WHAT IS BEING ASKED. The reply is a verbatim copy of the listing below with its images dropped.

┌─ COLLECTED MATERIAL

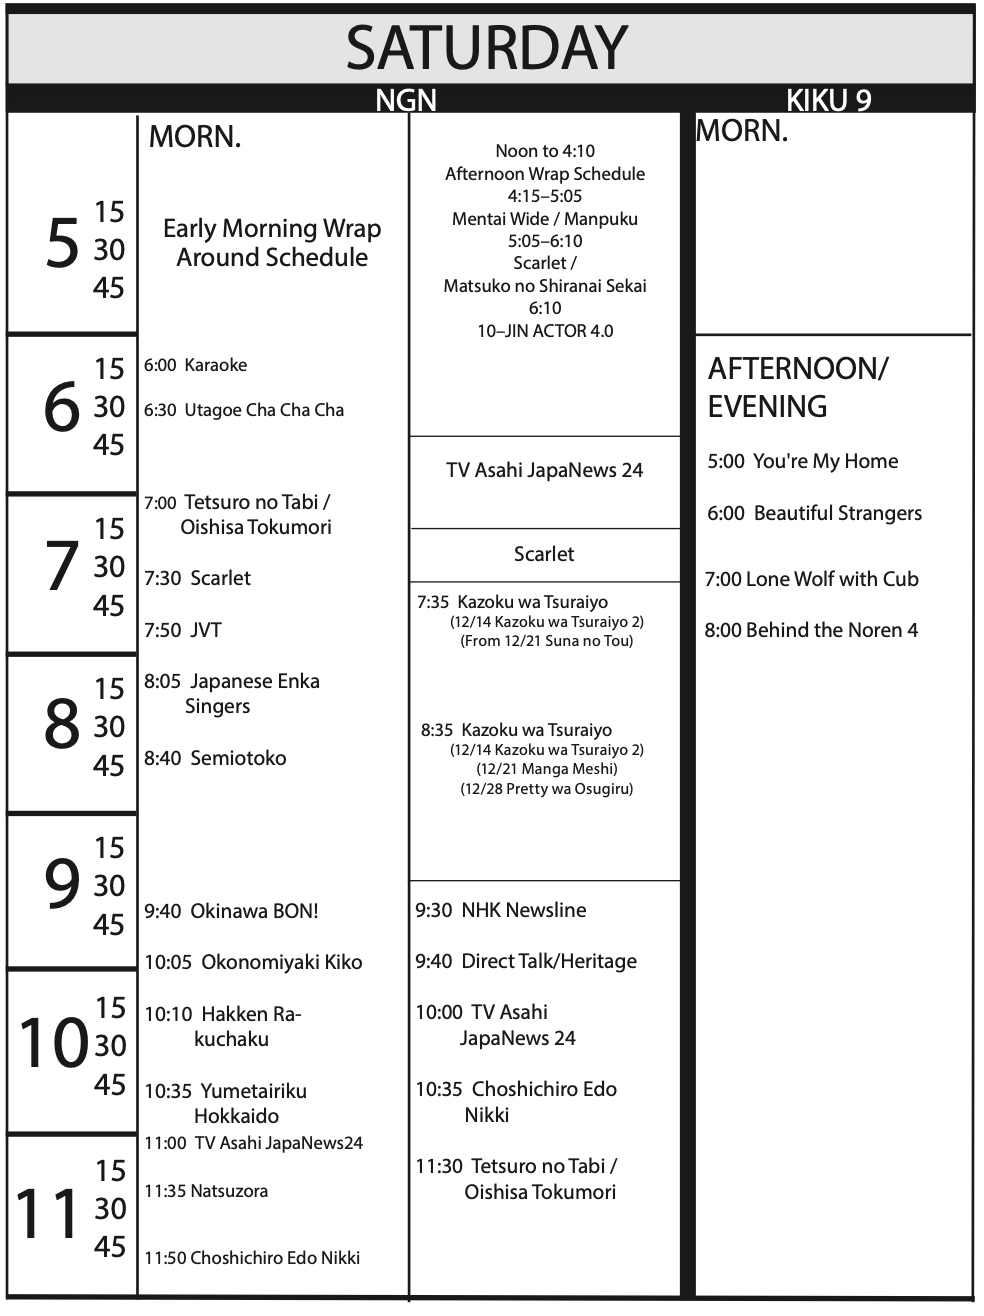 TV Program Schedule 11/15/19 Issue - Saturday
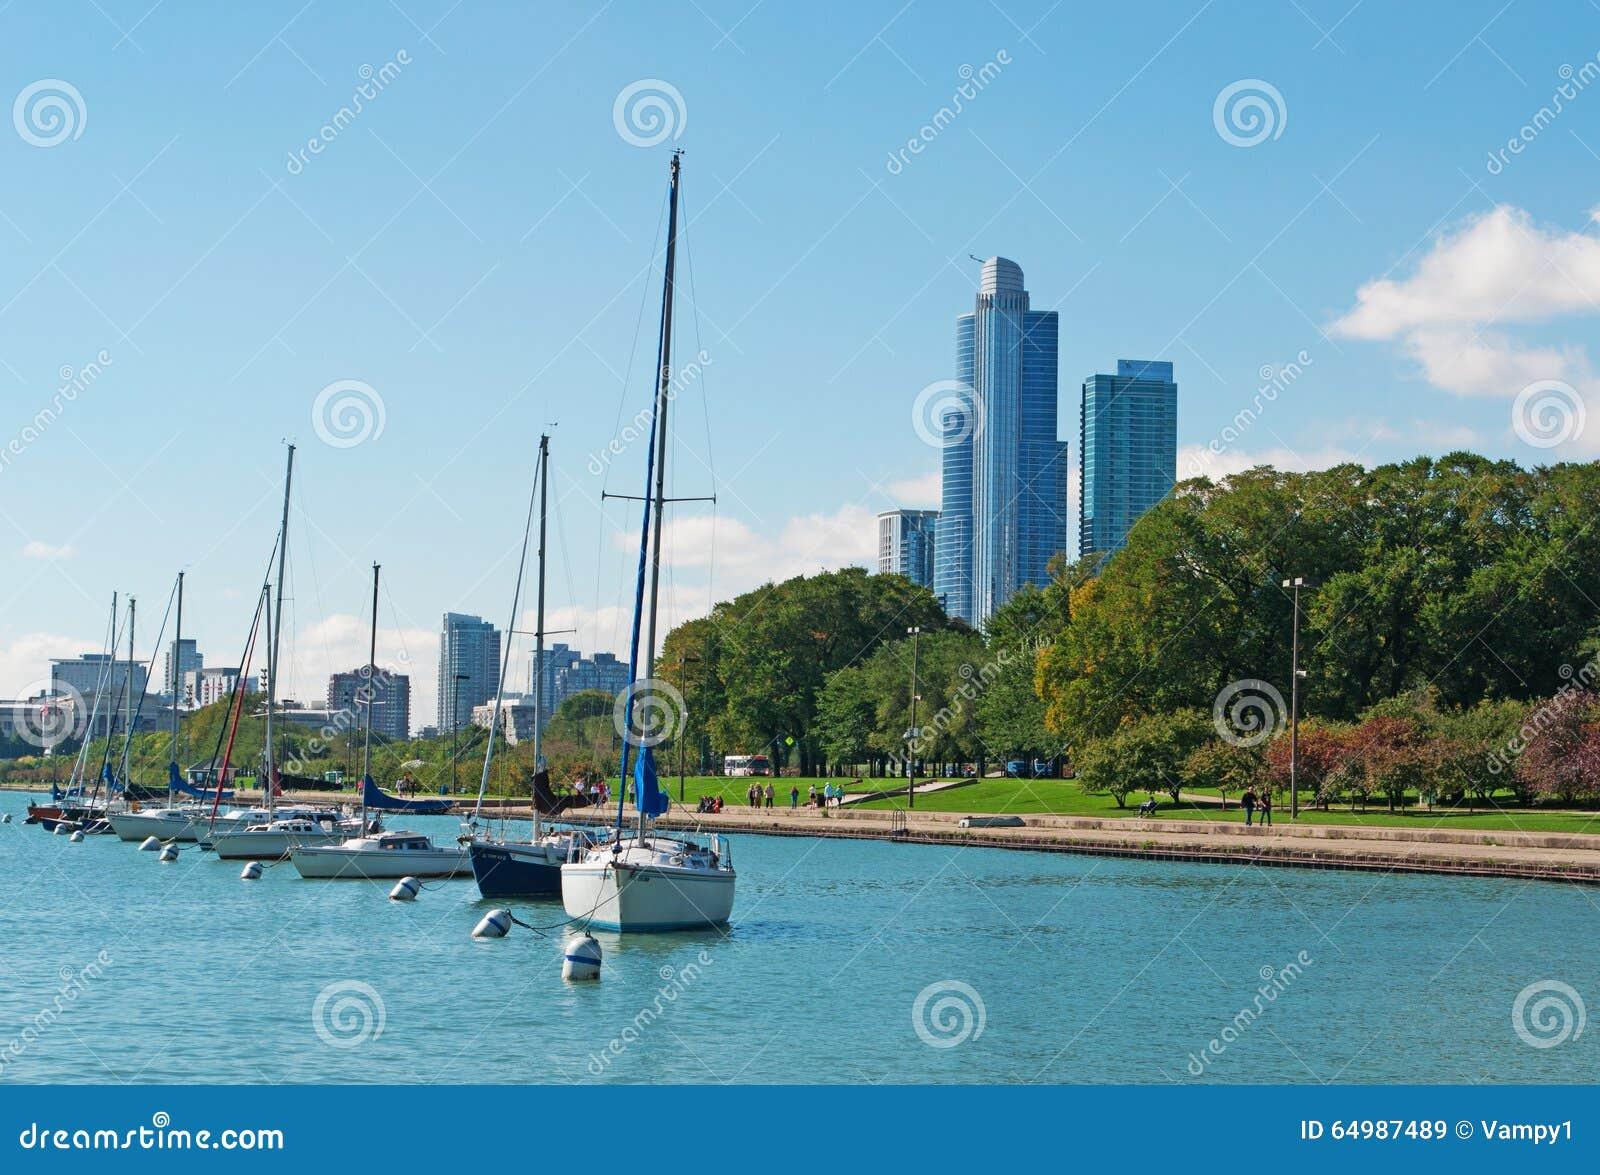 Horizonte De Chicago Con Los Veleros Y Las Lancha De Carreras En El ...
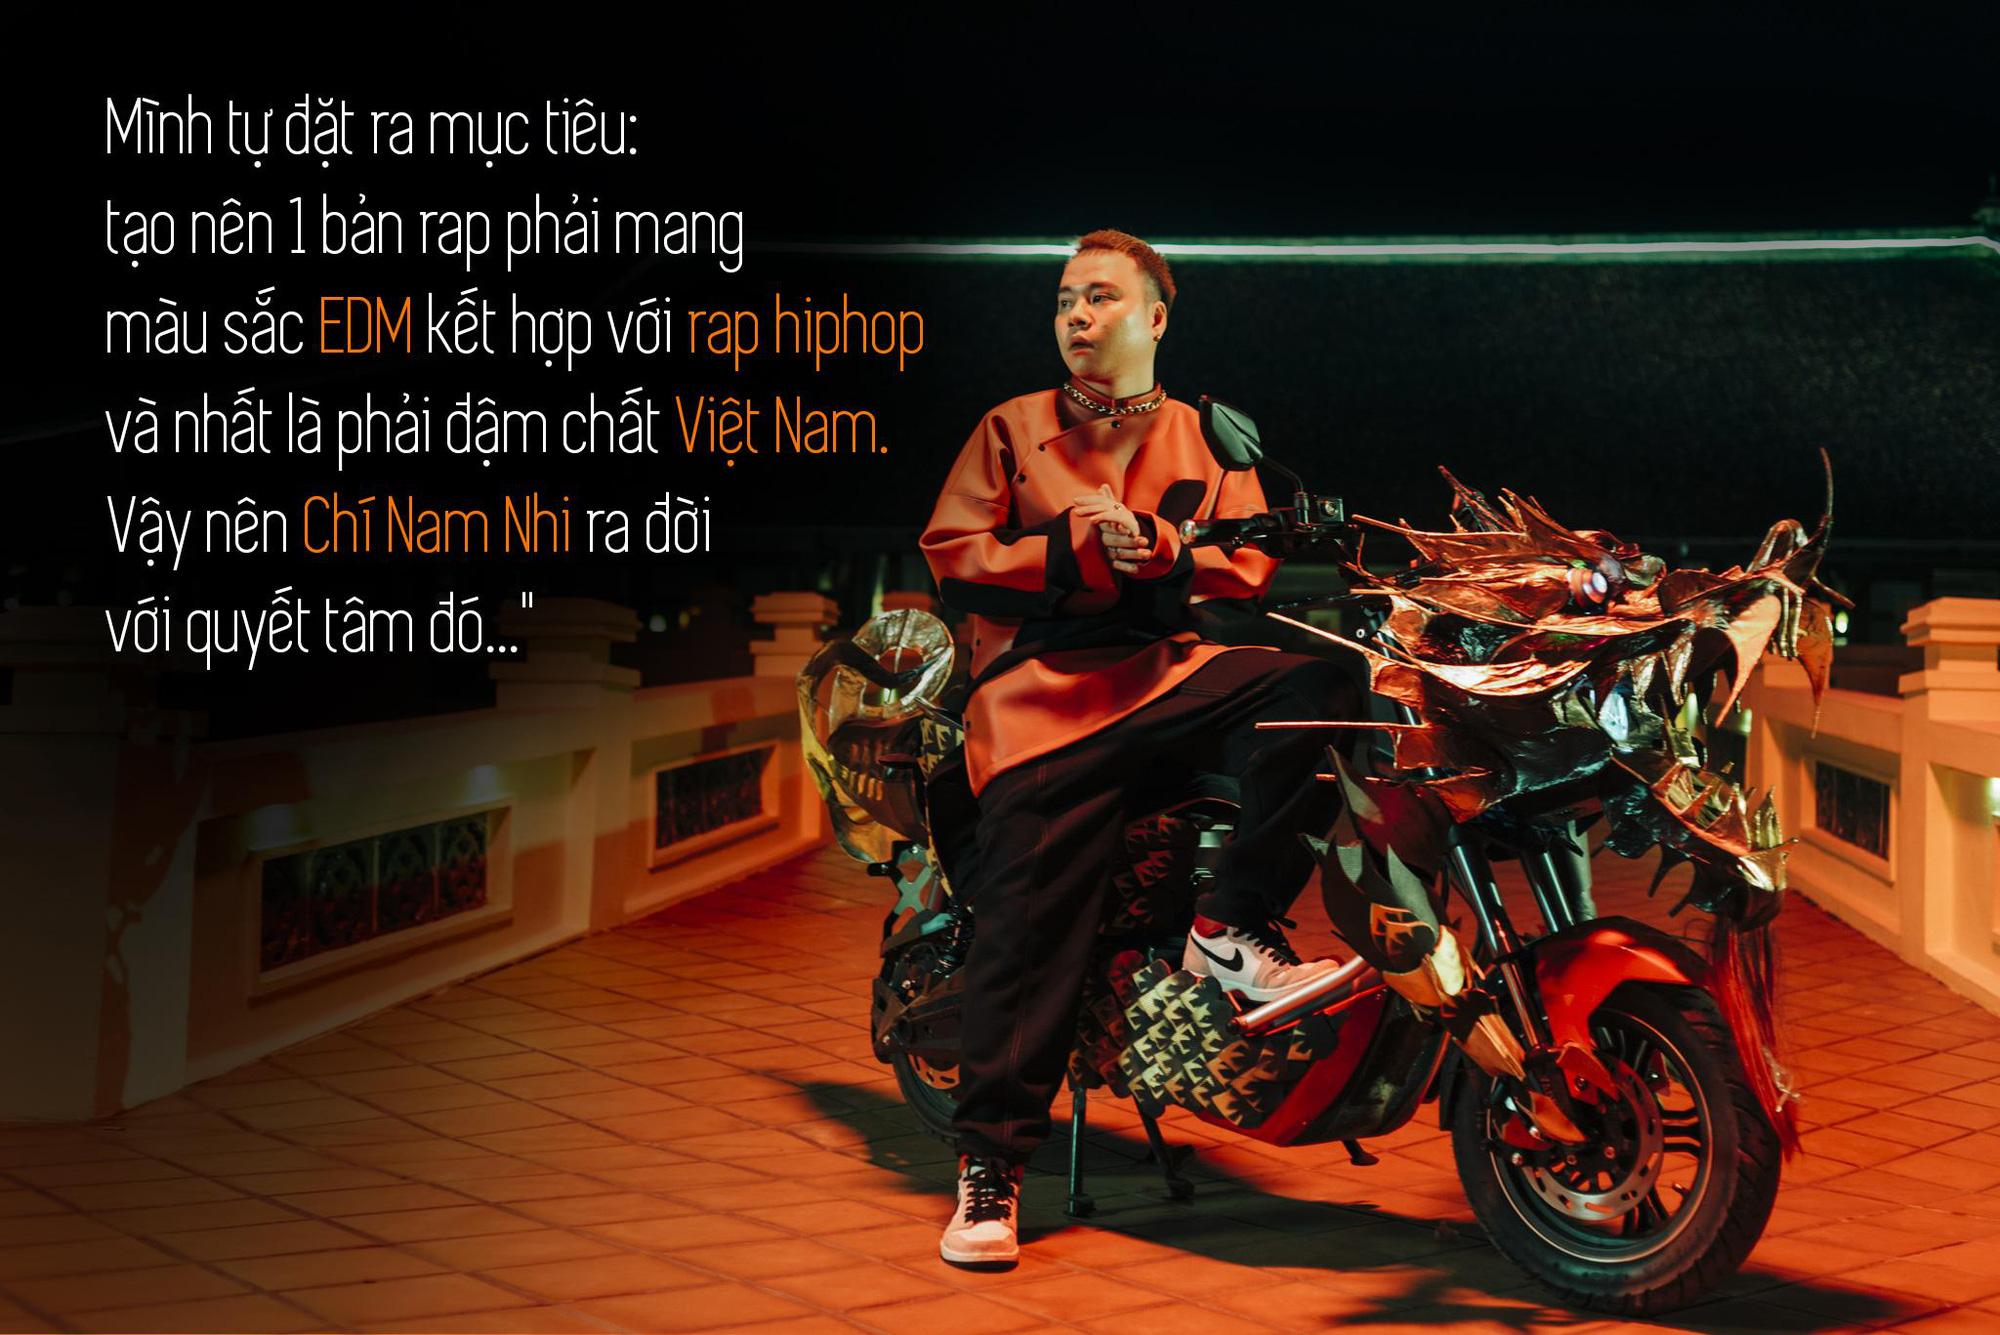 Quân R.E.V trải lòng sau MV Chí Nam Nhi: Tôi tự đẩy mình vào thử thách, làm rap nhưng phải đậm chất Việt Nam - Ảnh 1.

└─

EXERCISE ANSWER.
 TV Program Schedule 11/15/19 Issue - Saturday
 Horizonte De Chicago Con Los Veleros Y Las Lancha De Carreras En El ...
 Quân R.E.V trải lòng sau MV Chí Nam Nhi: Tôi tự đẩy mình vào thử thách, làm rap nhưng phải đậm chất Việt Nam - Ảnh 1.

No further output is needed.